**Exercise instructions:** Each line below is to be copied exactly as it appears.

*** Opening Dataset records ***

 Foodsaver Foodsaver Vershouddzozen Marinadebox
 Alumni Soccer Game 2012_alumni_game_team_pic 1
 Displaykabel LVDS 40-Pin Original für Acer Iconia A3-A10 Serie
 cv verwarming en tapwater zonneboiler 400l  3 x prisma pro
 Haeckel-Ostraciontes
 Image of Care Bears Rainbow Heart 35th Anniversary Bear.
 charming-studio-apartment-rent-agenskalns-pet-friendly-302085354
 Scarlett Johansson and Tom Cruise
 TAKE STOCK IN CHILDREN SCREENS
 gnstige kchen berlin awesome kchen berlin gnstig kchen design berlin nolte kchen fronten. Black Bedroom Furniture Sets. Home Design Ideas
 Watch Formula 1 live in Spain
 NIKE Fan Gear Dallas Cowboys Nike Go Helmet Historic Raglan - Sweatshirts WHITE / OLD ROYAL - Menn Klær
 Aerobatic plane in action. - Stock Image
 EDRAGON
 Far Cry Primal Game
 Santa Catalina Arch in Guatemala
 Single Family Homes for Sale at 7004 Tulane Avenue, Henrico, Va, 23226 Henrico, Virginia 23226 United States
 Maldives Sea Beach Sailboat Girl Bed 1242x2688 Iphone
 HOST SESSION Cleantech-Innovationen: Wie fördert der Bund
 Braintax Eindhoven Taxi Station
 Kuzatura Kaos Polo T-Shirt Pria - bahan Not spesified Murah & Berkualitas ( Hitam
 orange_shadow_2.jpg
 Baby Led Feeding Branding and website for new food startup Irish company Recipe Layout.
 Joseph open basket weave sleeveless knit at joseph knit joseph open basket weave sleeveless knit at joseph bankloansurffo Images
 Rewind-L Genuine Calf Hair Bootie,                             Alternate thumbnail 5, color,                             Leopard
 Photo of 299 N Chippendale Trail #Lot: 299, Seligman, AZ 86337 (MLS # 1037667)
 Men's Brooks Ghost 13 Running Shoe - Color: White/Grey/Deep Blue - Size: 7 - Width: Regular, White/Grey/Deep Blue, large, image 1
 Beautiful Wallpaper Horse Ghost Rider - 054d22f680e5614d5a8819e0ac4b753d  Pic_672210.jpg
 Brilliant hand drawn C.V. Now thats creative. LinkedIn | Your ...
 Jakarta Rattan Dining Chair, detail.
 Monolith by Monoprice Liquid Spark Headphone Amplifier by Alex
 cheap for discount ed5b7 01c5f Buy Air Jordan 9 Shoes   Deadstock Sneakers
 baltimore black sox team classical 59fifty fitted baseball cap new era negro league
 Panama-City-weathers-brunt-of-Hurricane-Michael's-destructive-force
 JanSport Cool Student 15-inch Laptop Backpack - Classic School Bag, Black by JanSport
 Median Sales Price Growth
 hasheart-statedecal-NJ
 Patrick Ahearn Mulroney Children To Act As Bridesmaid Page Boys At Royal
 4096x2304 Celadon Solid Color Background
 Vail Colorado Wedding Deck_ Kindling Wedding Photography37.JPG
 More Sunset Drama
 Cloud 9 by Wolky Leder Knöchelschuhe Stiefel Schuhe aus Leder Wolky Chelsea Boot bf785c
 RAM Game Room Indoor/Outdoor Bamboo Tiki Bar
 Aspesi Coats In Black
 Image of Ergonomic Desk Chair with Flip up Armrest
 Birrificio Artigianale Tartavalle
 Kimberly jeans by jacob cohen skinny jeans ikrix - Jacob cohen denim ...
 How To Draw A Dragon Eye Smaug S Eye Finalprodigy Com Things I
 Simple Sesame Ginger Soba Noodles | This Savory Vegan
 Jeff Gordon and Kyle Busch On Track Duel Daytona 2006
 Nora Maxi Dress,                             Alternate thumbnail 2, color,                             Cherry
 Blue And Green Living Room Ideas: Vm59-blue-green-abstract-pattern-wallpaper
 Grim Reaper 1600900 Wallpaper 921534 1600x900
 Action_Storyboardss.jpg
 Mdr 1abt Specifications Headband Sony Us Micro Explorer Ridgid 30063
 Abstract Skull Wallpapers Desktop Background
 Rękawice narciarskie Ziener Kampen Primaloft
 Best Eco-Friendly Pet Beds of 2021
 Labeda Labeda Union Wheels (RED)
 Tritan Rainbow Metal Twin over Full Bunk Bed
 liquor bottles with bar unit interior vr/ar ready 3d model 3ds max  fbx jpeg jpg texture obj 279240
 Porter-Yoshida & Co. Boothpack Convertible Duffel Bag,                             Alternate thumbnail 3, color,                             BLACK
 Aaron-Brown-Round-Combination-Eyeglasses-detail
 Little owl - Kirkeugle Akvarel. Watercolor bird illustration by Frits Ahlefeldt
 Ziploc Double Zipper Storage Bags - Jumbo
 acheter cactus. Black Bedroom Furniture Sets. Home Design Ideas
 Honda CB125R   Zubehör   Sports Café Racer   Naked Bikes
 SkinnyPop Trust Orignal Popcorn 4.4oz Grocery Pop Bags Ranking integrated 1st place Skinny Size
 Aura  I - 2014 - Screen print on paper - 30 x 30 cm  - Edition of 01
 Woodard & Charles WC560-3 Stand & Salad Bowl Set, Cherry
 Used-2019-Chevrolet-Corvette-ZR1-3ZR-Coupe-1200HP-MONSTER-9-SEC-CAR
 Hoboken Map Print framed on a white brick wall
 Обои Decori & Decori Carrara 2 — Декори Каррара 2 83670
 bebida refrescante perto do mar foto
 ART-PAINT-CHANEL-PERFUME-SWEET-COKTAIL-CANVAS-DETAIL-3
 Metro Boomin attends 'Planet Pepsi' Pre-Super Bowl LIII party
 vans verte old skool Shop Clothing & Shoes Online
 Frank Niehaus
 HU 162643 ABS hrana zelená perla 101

*** Closing Dataset records ***

**Task response:**
 Foodsaver Foodsaver Vershouddzozen Marinadebox
 Alumni Soccer Game 2012_alumni_game_team_pic 1
 Displaykabel LVDS 40-Pin Original für Acer Iconia A3-A10 Serie
 cv verwarming en tapwater zonneboiler 400l  3 x prisma pro
 Haeckel-Ostraciontes
 Image of Care Bears Rainbow Heart 35th Anniversary Bear.
 charming-studio-apartment-rent-agenskalns-pet-friendly-302085354
 Scarlett Johansson and Tom Cruise
 TAKE STOCK IN CHILDREN SCREENS
 gnstige kchen berlin awesome kchen berlin gnstig kchen design berlin nolte kchen fronten. Black Bedroom Furniture Sets. Home Design Ideas
 Watch Formula 1 live in Spain
 NIKE Fan Gear Dallas Cowboys Nike Go Helmet Historic Raglan - Sweatshirts WHITE / OLD ROYAL - Menn Klær
 Aerobatic plane in action. - Stock Image
 EDRAGON
 Far Cry Primal Game
 Santa Catalina Arch in Guatemala
 Single Family Homes for Sale at 7004 Tulane Avenue, Henrico, Va, 23226 Henrico, Virginia 23226 United States
 Maldives Sea Beach Sailboat Girl Bed 1242x2688 Iphone
 HOST SESSION Cleantech-Innovationen: Wie fördert der Bund
 Braintax Eindhoven Taxi Station
 Kuzatura Kaos Polo T-Shirt Pria - bahan Not spesified Murah & Berkualitas ( Hitam
 orange_shadow_2.jpg
 Baby Led Feeding Branding and website for new food startup Irish company Recipe Layout.
 Joseph open basket weave sleeveless knit at joseph knit joseph open basket weave sleeveless knit at joseph bankloansurffo Images
 Rewind-L Genuine Calf Hair Bootie,                             Alternate thumbnail 5, color,                             Leopard
 Photo of 299 N Chippendale Trail #Lot: 299, Seligman, AZ 86337 (MLS # 1037667)
 Men's Brooks Ghost 13 Running Shoe - Color: White/Grey/Deep Blue - Size: 7 - Width: Regular, White/Grey/Deep Blue, large, image 1
 Beautiful Wallpaper Horse Ghost Rider - 054d22f680e5614d5a8819e0ac4b753d  Pic_672210.jpg
 Brilliant hand drawn C.V. Now thats creative. LinkedIn | Your ...
 Jakarta Rattan Dining Chair, detail.
 Monolith by Monoprice Liquid Spark Headphone Amplifier by Alex
 cheap for discount ed5b7 01c5f Buy Air Jordan 9 Shoes   Deadstock Sneakers
 baltimore black sox team classical 59fifty fitted baseball cap new era negro league
 Panama-City-weathers-brunt-of-Hurricane-Michael's-destructive-force
 JanSport Cool Student 15-inch Laptop Backpack - Classic School Bag, Black by JanSport
 Median Sales Price Growth
 hasheart-statedecal-NJ
 Patrick Ahearn Mulroney Children To Act As Bridesmaid Page Boys At Royal
 4096x2304 Celadon Solid Color Background
 Vail Colorado Wedding Deck_ Kindling Wedding Photography37.JPG
 More Sunset Drama
 Cloud 9 by Wolky Leder Knöchelschuhe Stiefel Schuhe aus Leder Wolky Chelsea Boot bf785c
 RAM Game Room Indoor/Outdoor Bamboo Tiki Bar
 Aspesi Coats In Black
 Image of Ergonomic Desk Chair with Flip up Armrest
 Birrificio Artigianale Tartavalle
 Kimberly jeans by jacob cohen skinny jeans ikrix - Jacob cohen denim ...
 How To Draw A Dragon Eye Smaug S Eye Finalprodigy Com Things I
 Simple Sesame Ginger Soba Noodles | This Savory Vegan
 Jeff Gordon and Kyle Busch On Track Duel Daytona 2006
 Nora Maxi Dress,                             Alternate thumbnail 2, color,                             Cherry
 Blue And Green Living Room Ideas: Vm59-blue-green-abstract-pattern-wallpaper
 Grim Reaper 1600900 Wallpaper 921534 1600x900
 Action_Storyboardss.jpg
 Mdr 1abt Specifications Headband Sony Us Micro Explorer Ridgid 30063
 Abstract Skull Wallpapers Desktop Background
 Rękawice narciarskie Ziener Kampen Primaloft
 Best Eco-Friendly Pet Beds of 2021
 Labeda Labeda Union Wheels (RED)
 Tritan Rainbow Metal Twin over Full Bunk Bed
 liquor bottles with bar unit interior vr/ar ready 3d model 3ds max  fbx jpeg jpg texture obj 279240
 Porter-Yoshida & Co. Boothpack Convertible Duffel Bag,                             Alternate thumbnail 3, color,                             BLACK
 Aaron-Brown-Round-Combination-Eyeglasses-detail
 Little owl - Kirkeugle Akvarel. Watercolor bird illustration by Frits Ahlefeldt
 Ziploc Double Zipper Storage Bags - Jumbo
 acheter cactus. Black Bedroom Furniture Sets. Home Design Ideas
 Honda CB125R   Zubehör   Sports Café Racer   Naked Bikes
 SkinnyPop Trust Orignal Popcorn 4.4oz Grocery Pop Bags Ranking integrated 1st place Skinny Size
 Aura  I - 2014 - Screen print on paper - 30 x 30 cm  - Edition of 01
 Woodard & Charles WC560-3 Stand & Salad Bowl Set, Cherry
 Used-2019-Chevrolet-Corvette-ZR1-3ZR-Coupe-1200HP-MONSTER-9-SEC-CAR
 Hoboken Map Print framed on a white brick wall
 Обои Decori & Decori Carrara 2 — Декори Каррара 2 83670
 bebida refrescante perto do mar foto
 ART-PAINT-CHANEL-PERFUME-SWEET-COKTAIL-CANVAS-DETAIL-3
 Metro Boomin attends 'Planet Pepsi' Pre-Super Bowl LIII party
 vans verte old skool Shop Clothing & Shoes Online
 Frank Niehaus
 HU 162643 ABS hrana zelená perla 101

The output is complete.